Lié au terrorisme international, et non à la situation politique locale
Indonésie: L’attentat de Djakarta va nuire à l’économie du pays, selon l’Eglise catholique
Djakarta, 10 septembre 2004 (Apic) «C’est une action du terrorisme international, qui n’est pas lié au contexte politique local. La situation pour les chrétiens en Indonésie ne change pas». C’est ce qu’a déclaré à l’agence catholique Fides un représentant de l’Eglise catholique à Djakarta, au lendemain de l’attentat contre l’ambassade d’Australie, qui a fait au moins neuf morts et 182 blessés.
«Le massacre s’est produit dix jours avant des élections présidentielles dans le pays. Il a causé la peur et la préoccupation chez les gens, surtout parce que l’on ne connaît pas encore les responsables du crime», a déclaré la source catholique de Fides.

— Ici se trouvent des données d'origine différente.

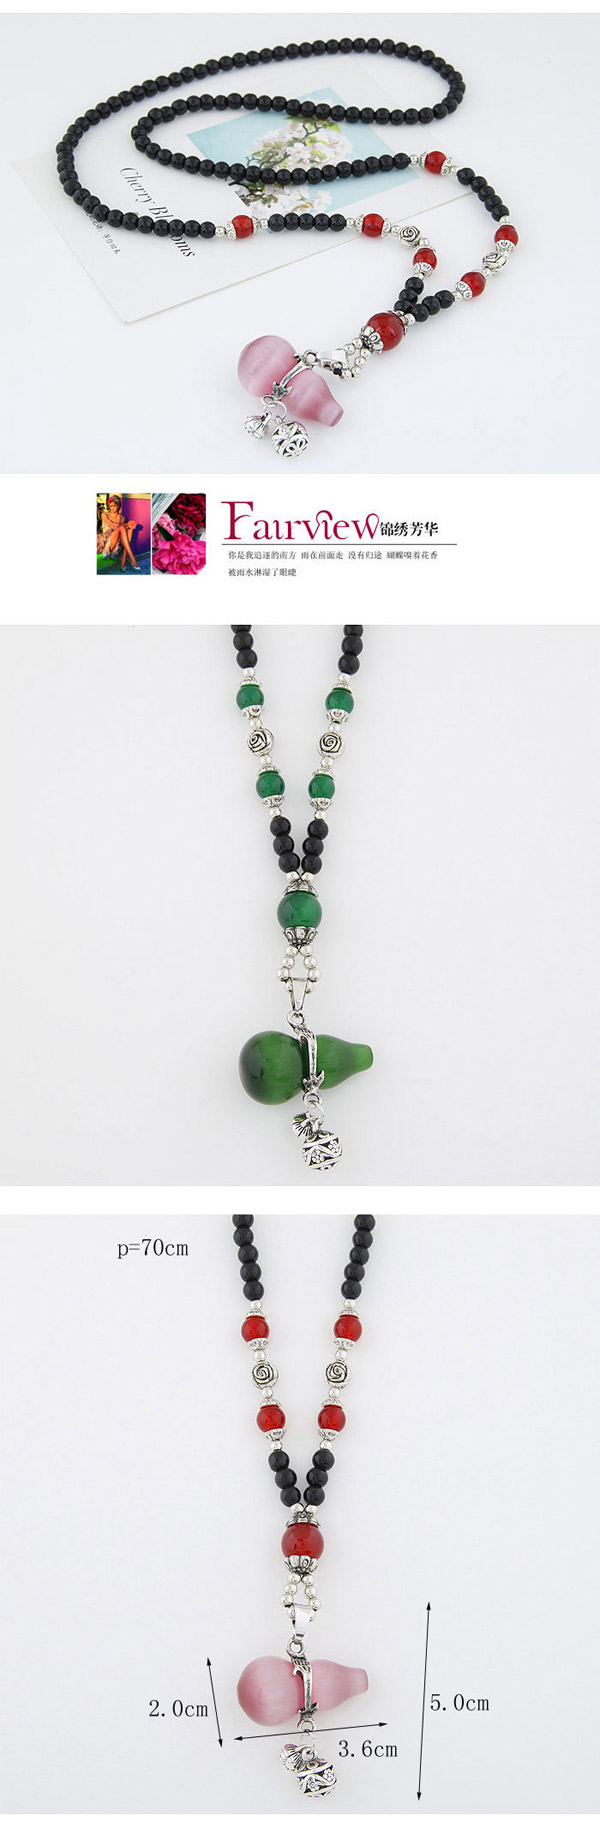 Fashion Dark Green Beads Decorated Calabash Shape Pendant Design Alloy Beaded Necklaces,Beaded Necklaces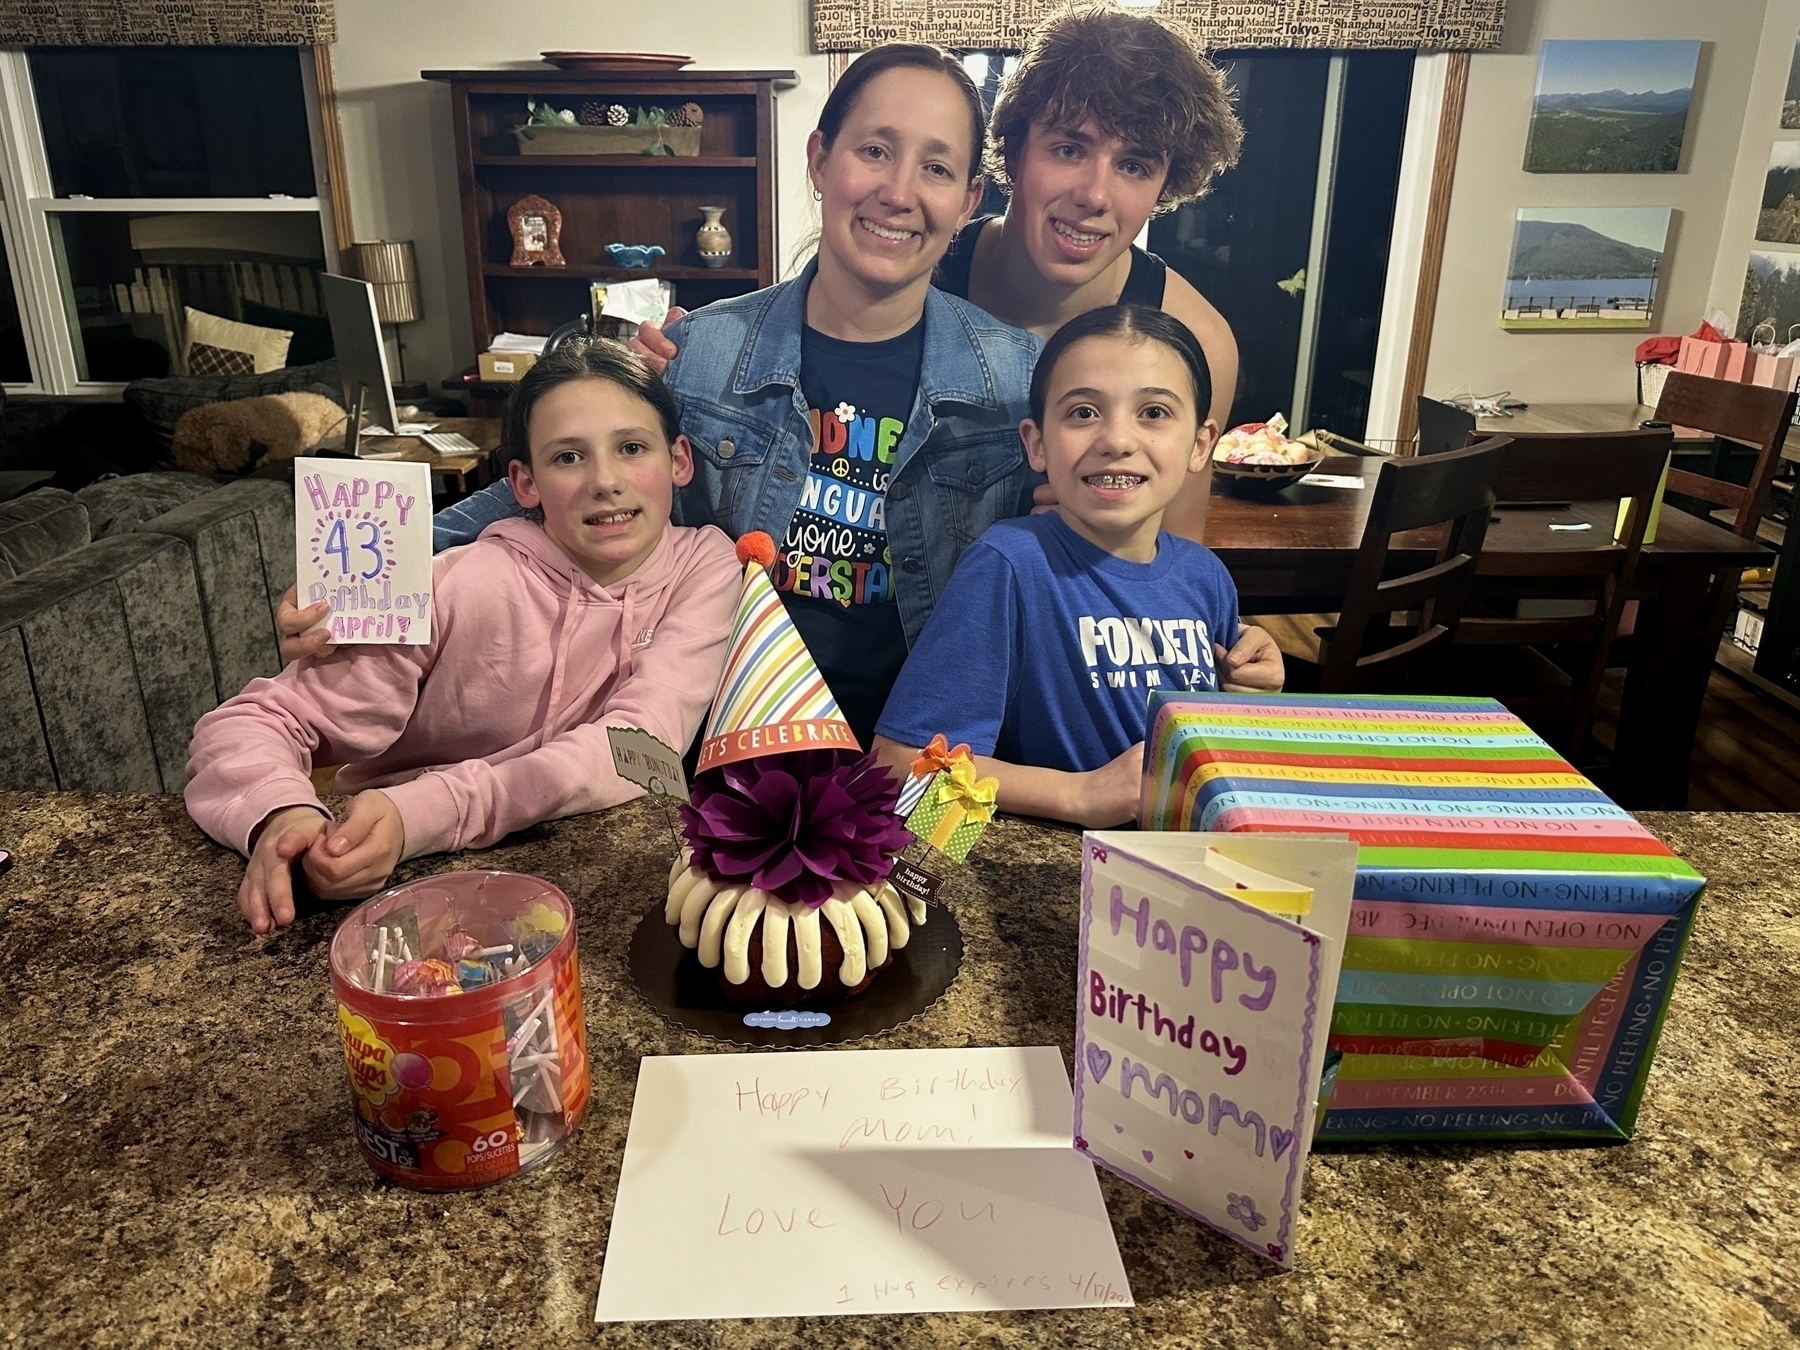 A family celebrates a birthday at home, surrounding a cake with presents and handmade cards reading “Happy 43rd Birthday April” and “Happy Birthday Mommy… Love You.”

«L’attentat ne semble pas tant lié au contexte politique local qu’au problème du terrorisme international. Il pourra avoir toutefois des répercussions sur la situation intérieure du pays: en particulier au plan économique, alors que l’Indonésie s’est à peine remise de la crise de 1998; mais aussi au plan politique, car le pays fait ses premiers pas sur la voie de la démocratie, avec les premières élections démocratiques dans l’histoire de l’Indonésie».
«Le choix de frapper l’Ambassade d’Australie, ajoute le représentant de l’Eglise, est un signe clair qu’il ne s’agit pas d’un acte ayant une signification locale: on veut frapper une puissance économique proche et qui soutient les Etats-Unis dans la coalition militaire en Irak». «Pour l’Eglise catholique et les communautés chrétiennes, il n’y a pas de problèmes: il y a de bons rapports avec la communauté musulmane indonésienne, qui a un visage traditionnellement tolérant et pacifique. Au plan des dirigeants religieux et au plan des communautés de base, il n’y a pas de frictions entre chrétiens et musulmans».
Sur 210 millions d’habitants, les musulmans représentent 85% et les chrétiens 13% (les catholiques sont au nombre de 6,3 millions). (apic/fides/bb)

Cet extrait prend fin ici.